Unlike a French press, which needs a coarser grind than drip coffee makers, an AeroPress can use very fine grinds thanks to the paper filter. Because the filter is made of paper and not wire mesh, it can stop very fine coffee grounds from spilling out into your cup of coffee. The finer the grind, the stronger your coffee will be (modified by steeping time, of course).
There’s a lot to love about the AeroPress, particularly in comparison to its bulkier cousin the French press.
- It’s lightweight and easy to clean
- It’s ideal for traveling, particularly if you’ll be staying somewhere that lacks decent coffee-making facilities
- It’s faster than the French press while still giving you complete control over the entire process
- You can create a cup of coffee with roughly the same strength as espresso
- Coffee brewed in this way is less acidic than what comes from drip coffee makers
- You can use a finer grind of coffee than what’s possible with a French press
- There’s very little sediment thanks to the paper filter
- Less time spent in brewing means less bitterness in your coffee (that might not be a good thing, depending on your preferences)
- There are alternatives to paper filters – but they’re not available from the AeroPress manufacturer, and do not come with the press out of the box
While there are a lot of perks to this little press, there are some drawbacks that might make you think twice before buying one.

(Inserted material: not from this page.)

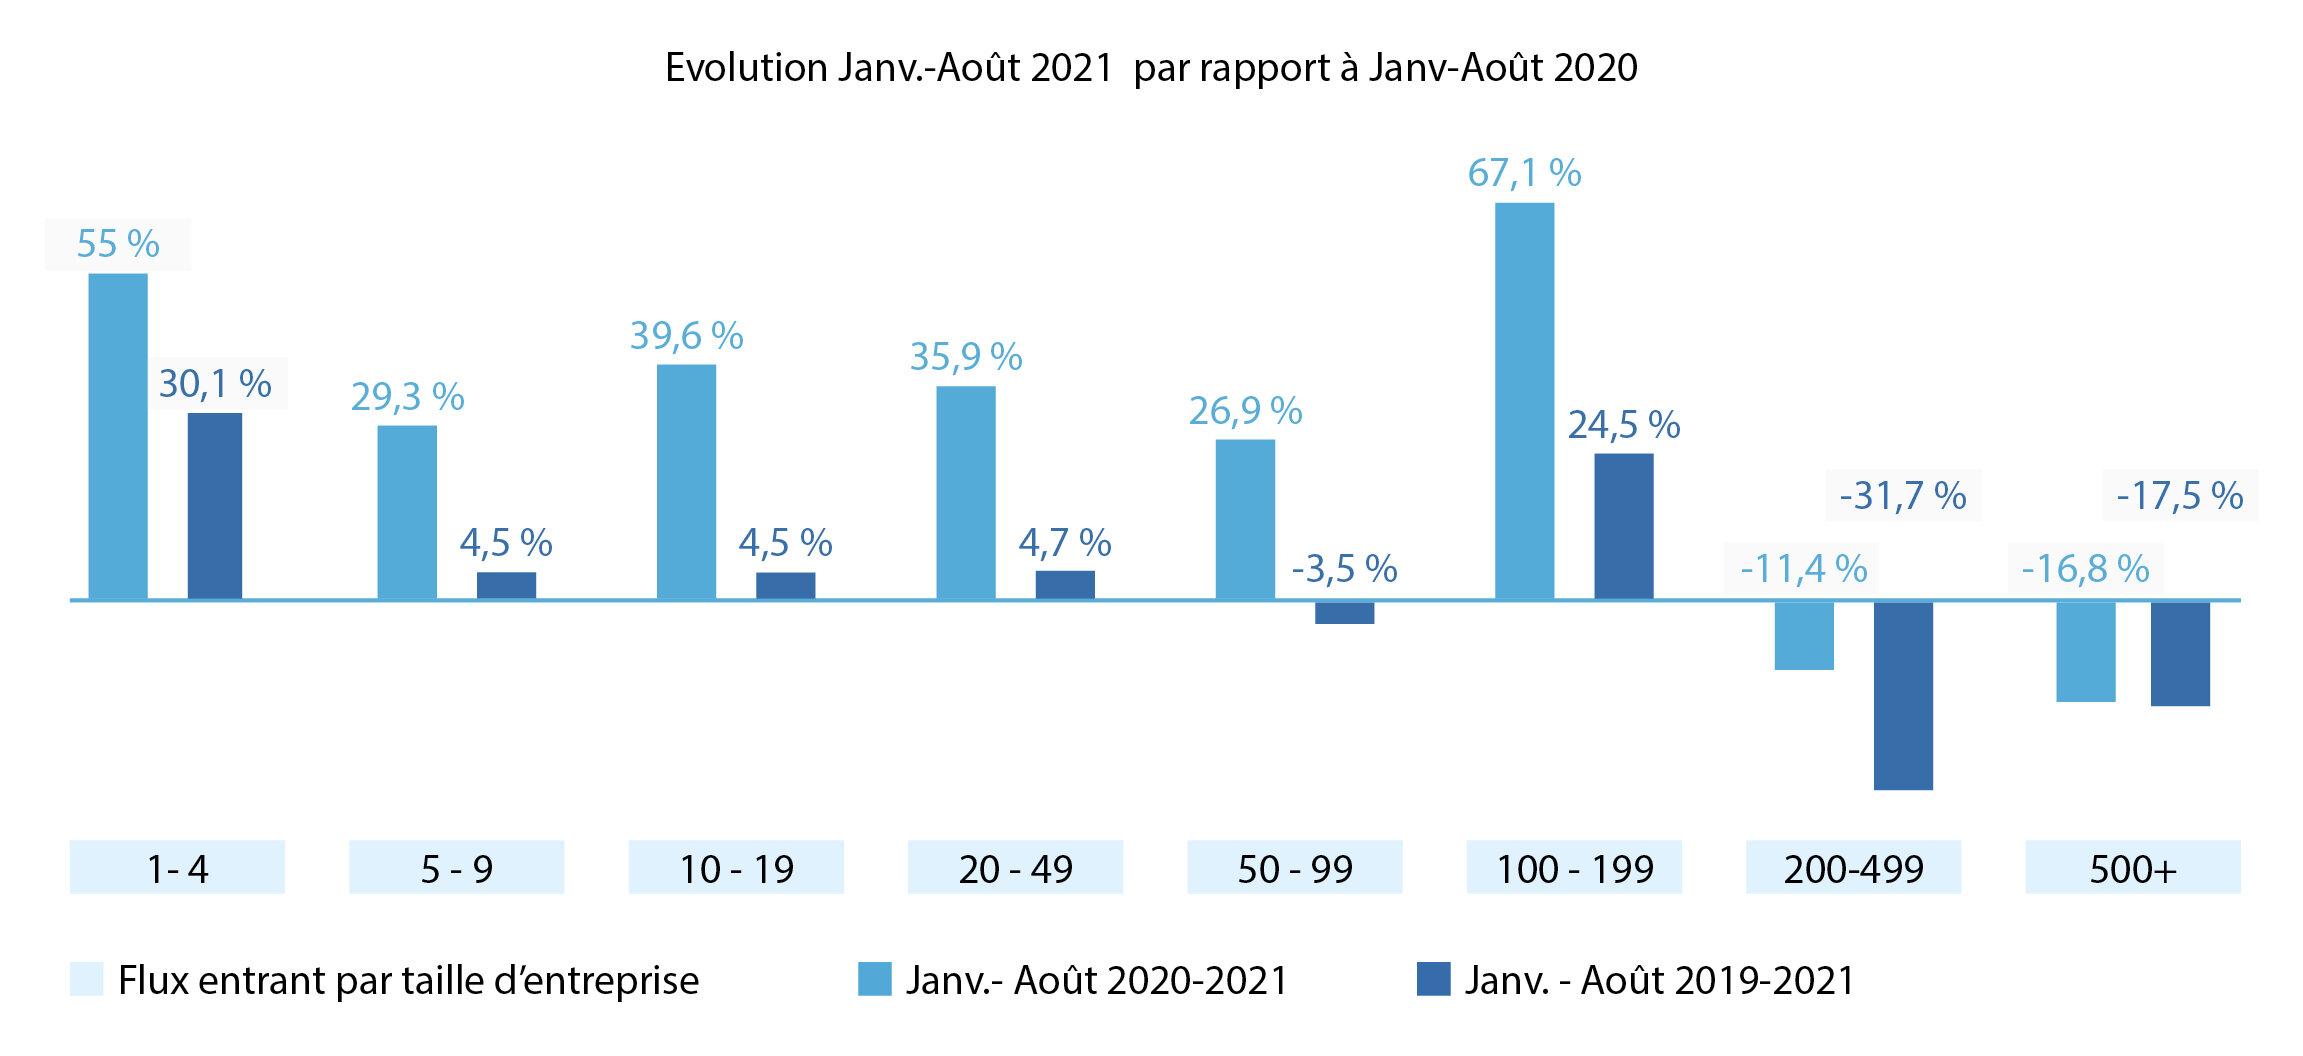 Évolution des contrats à durée indéterminée par taille d'entreprise, par rapport à 2020 et 2019

These include:
- It’s made of plastic, and can be damaged pretty easily if you’re not
careful (a drop from counter height can crack or break either cylinder)
- It’s more labor intensive than using a pod or cup-based system
- It requires that you heat (and monitor) your own water
- Some people find they need to dilute the brewed coffee to bring down
its strength (for non-espresso lovers)
- Like pod and cup-based systems, you can only brew a single cup at a time. However,
unlike those systems, you have to clean the press between cups (particularly if you’re using two different types of coffee)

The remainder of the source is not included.